It is real, but it comes with a tremednous price.  An MT figthers career is very short and then thier legs are crippled.

The shin conditioning - that starts off with some lighter thumping and then builds up to kicking trees, etc., kills nerved, fractures the bone and all sorts of not good things.


----------



## tradrockrat (Jun 24, 2006)

there is absolutely no reason to condition your shins like a MT fighter unless you want to be a MT fighter - it is an intentional sacrifice of your health to achieve a greater chance of winning a sport.  It has nothing to do with a well rounded, long lasting benifit to a Martial Artist.  While I was kickboxing competitively, I never did any specific "shin conditioning" exercises.  Running and training kicks (thai kicking shields)were all I counted on to toughen my legs for compitition because I had no desire to be a professional or be hobbled for the rest of my life - a virtual guarantee if you go pro.


----------



## still learning (Jun 25, 2006)

Hello, There are a few guys in our home town...that learn to kick each other shins...today there shins are all black and blue from hitting the shins on a regular basis....they feel no pain if you hit it with a hammer....they are also in the twentys......

When they get alot older....they will pay for it..in pain and suffering, but that's the way their Dad taught them.

If make sense kicking bags to toughen the shins and proper diet and leg excerises.

If you are going into kicking boxing or thai boxing...and very young...you can risk it to toughen your shins.

We roll coke bottles on the shins, sometimes hitting the shins with bottle to toughen/facture the shins..let it heal..crack them more and let the bones rebuild..same theory when you brake bones..they become stronger/thicker...I think?   We do not do this anymore...it really hurts..
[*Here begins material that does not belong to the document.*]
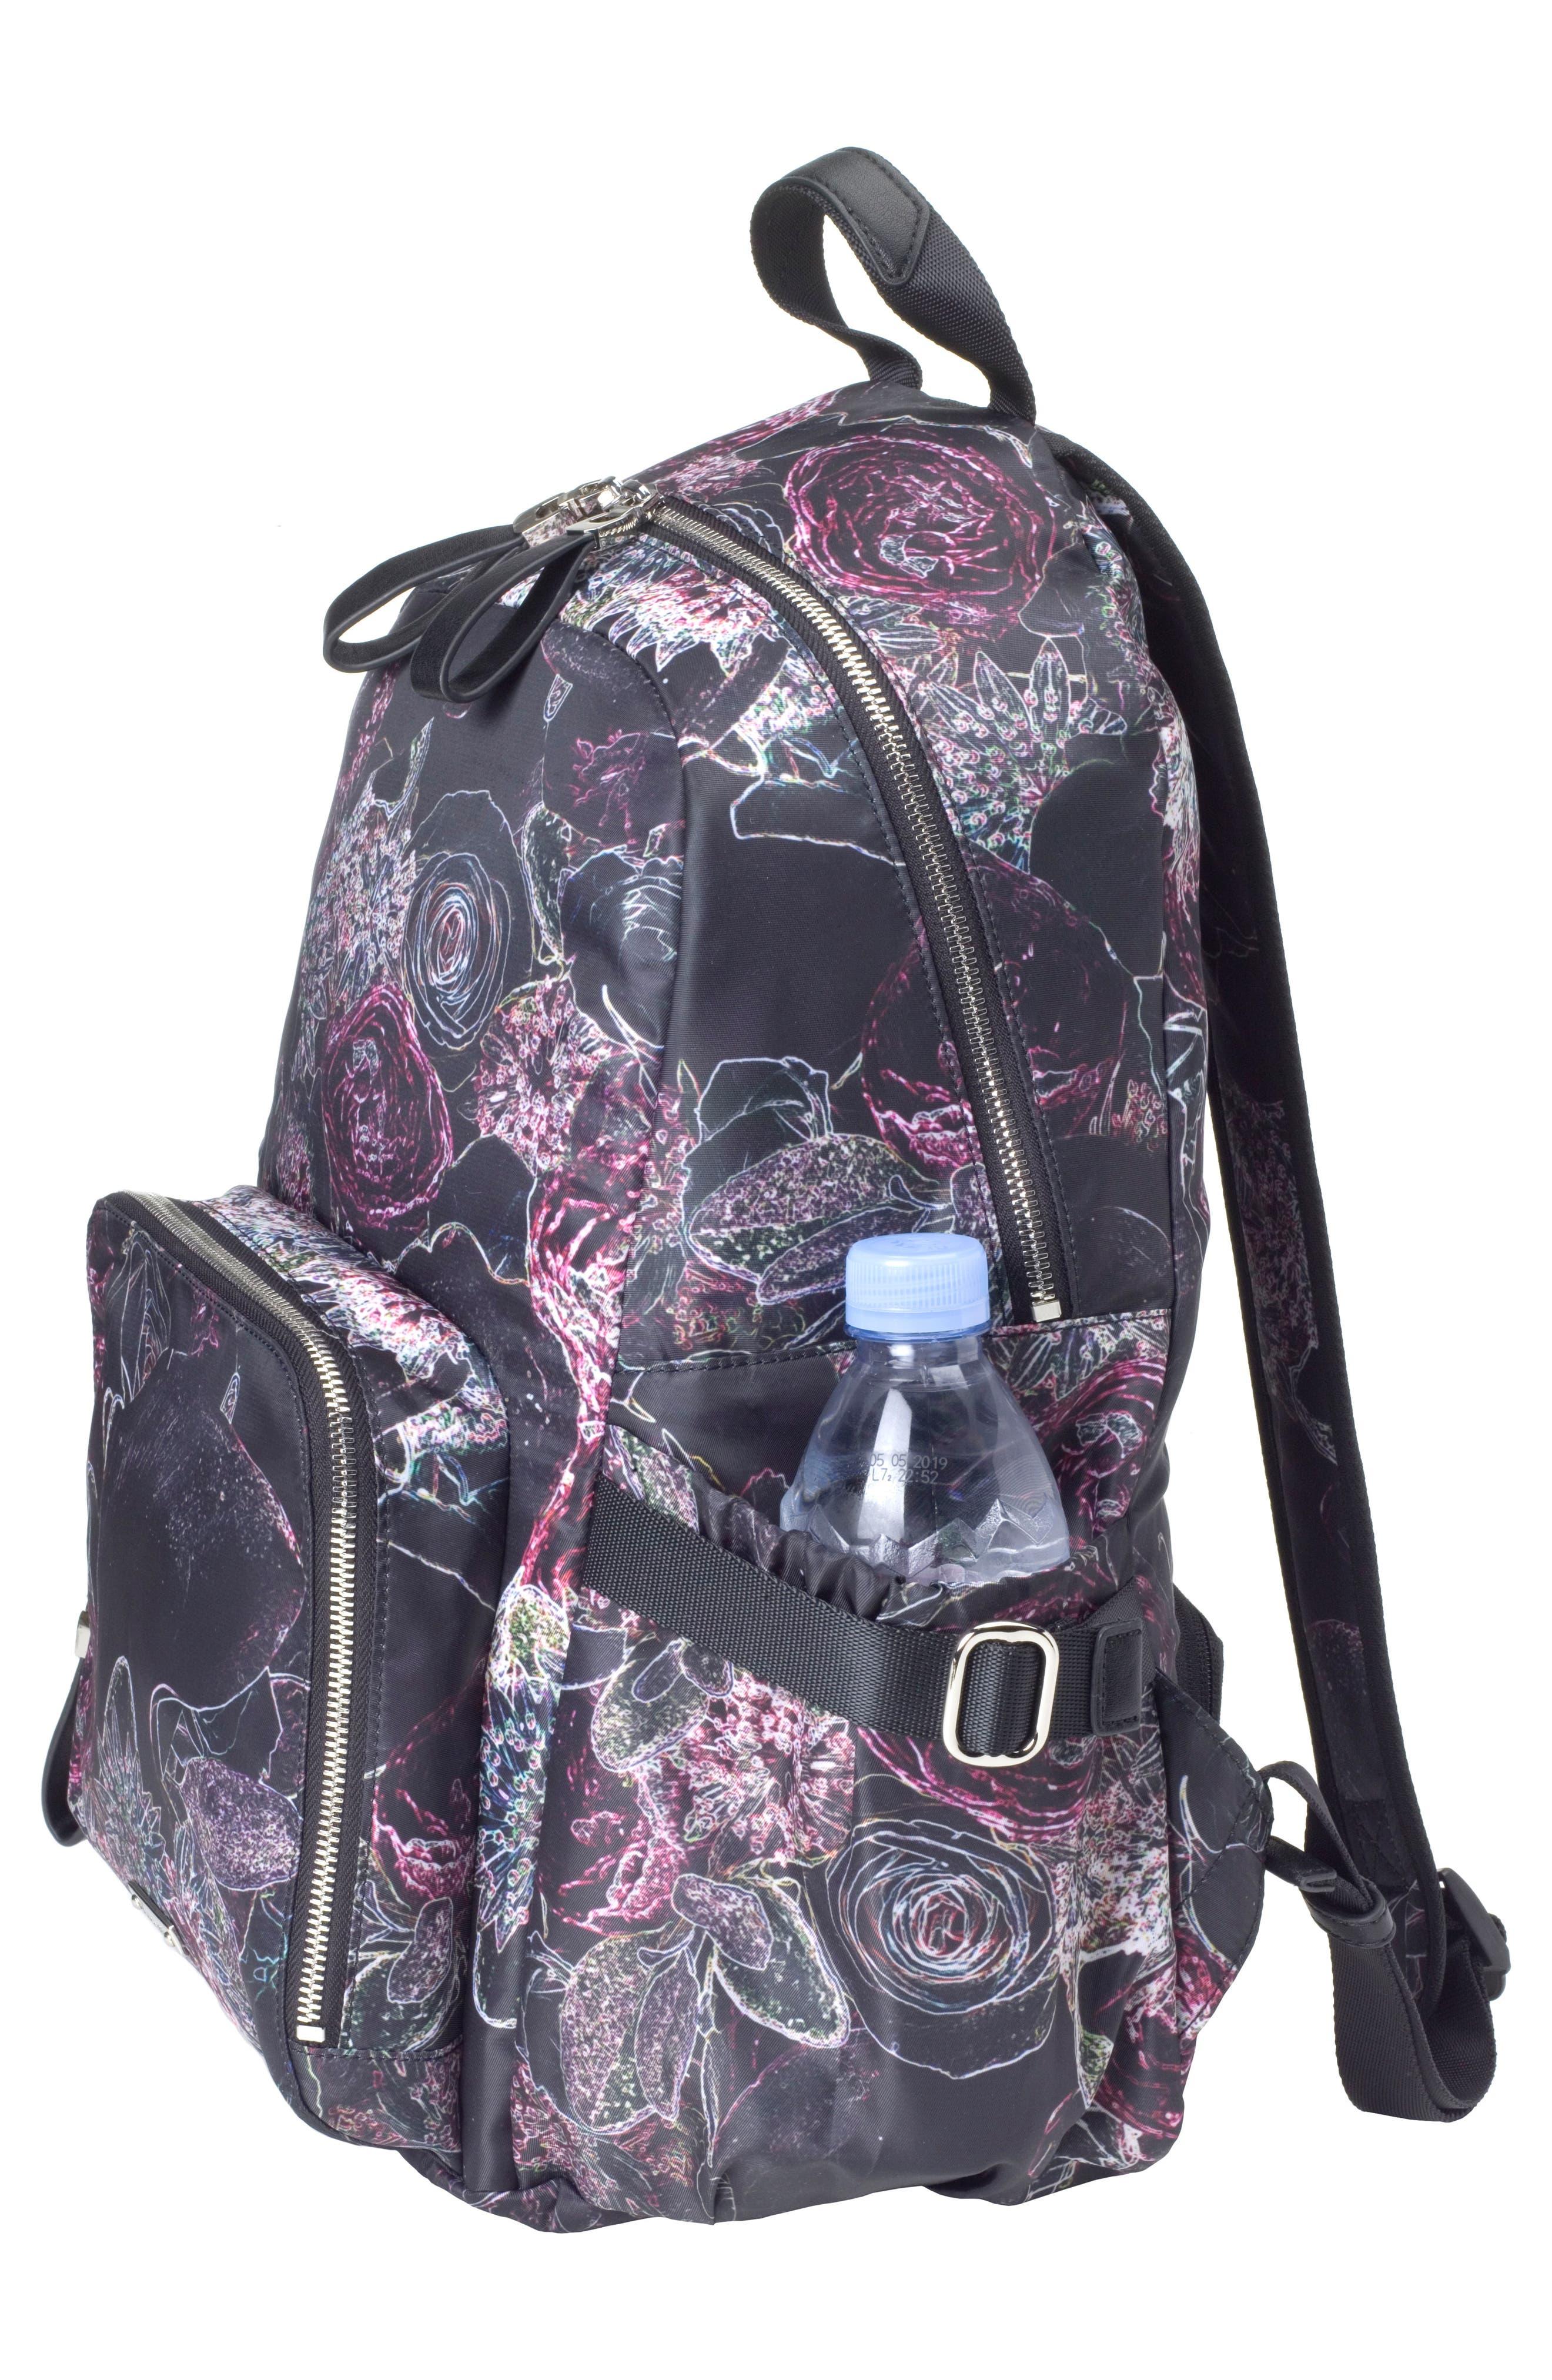 Hero Water Resistant Nylon Backpack Diaper Bag,                             Alternate thumbnail 9, color,                             Neon Floral

When young..body is tough...heal faster....when you hit the 50's and up...you will pay for all the damages to have done to your body...toughen the hands,shins, and so on....Aloha

PS: Remember...the head needs the most protection....the body can take alot of punishment...you head cannot.......Aloha


----------



## DeLamar.J (Jun 26, 2006)

I condition my shins by doing drills. There are all types of good kicking drills you can do with a partner. The best way to condition your body is with another body. For your arms do 3 star drills, and for your shins you can do pendulum kicks. Or blocking drills. Have your friend kick at you and then go shin on shin.


----------



## Jimi (Jun 26, 2006)

Still Learning, Thanks for your input, I used to do the coke bottle thing years ago as well. As a side note, that is the old style coke bottle, tall glass bottle with the rounded divits, they simulate a light kank to the shin. If a bone is stressed enough it can rebuild so to speak and be more dense and hard. It is not an absolute and many women in MT nowa days do not want the bumpy shins. I am not concerned about how shapely my legs are , just that they are healthy enough to get me around. Going shin to shin is not something I personaly look to anymore. PEACE


----------



## BUAKAWFAN808 (May 27, 2007)

The Easiest Way to kill your nerves on your shin is to grab a dough roller and run it up and down your shin (the bone part) or the ram your shin to another persons shin, but i'd go with the dough roller.

its only a suggestion because it worked for me.
	

	
	
		
		

		
			





GOOD LUCK FRIEND!


----------



## Em MacIntosh (May 27, 2007)

I used to do "shin sets"sort of like forearm sets. (soto uke, gidan barai, uchi uke).  You and a training partner connect shins in a similar manner and you build up as you go.  High, low, high (or low, high, low) without dropping the leg, then switch sides.  I liked them because they were fun, and you could go harder or lighter as you wanted and that it simulated connecting shins when sparring.


----------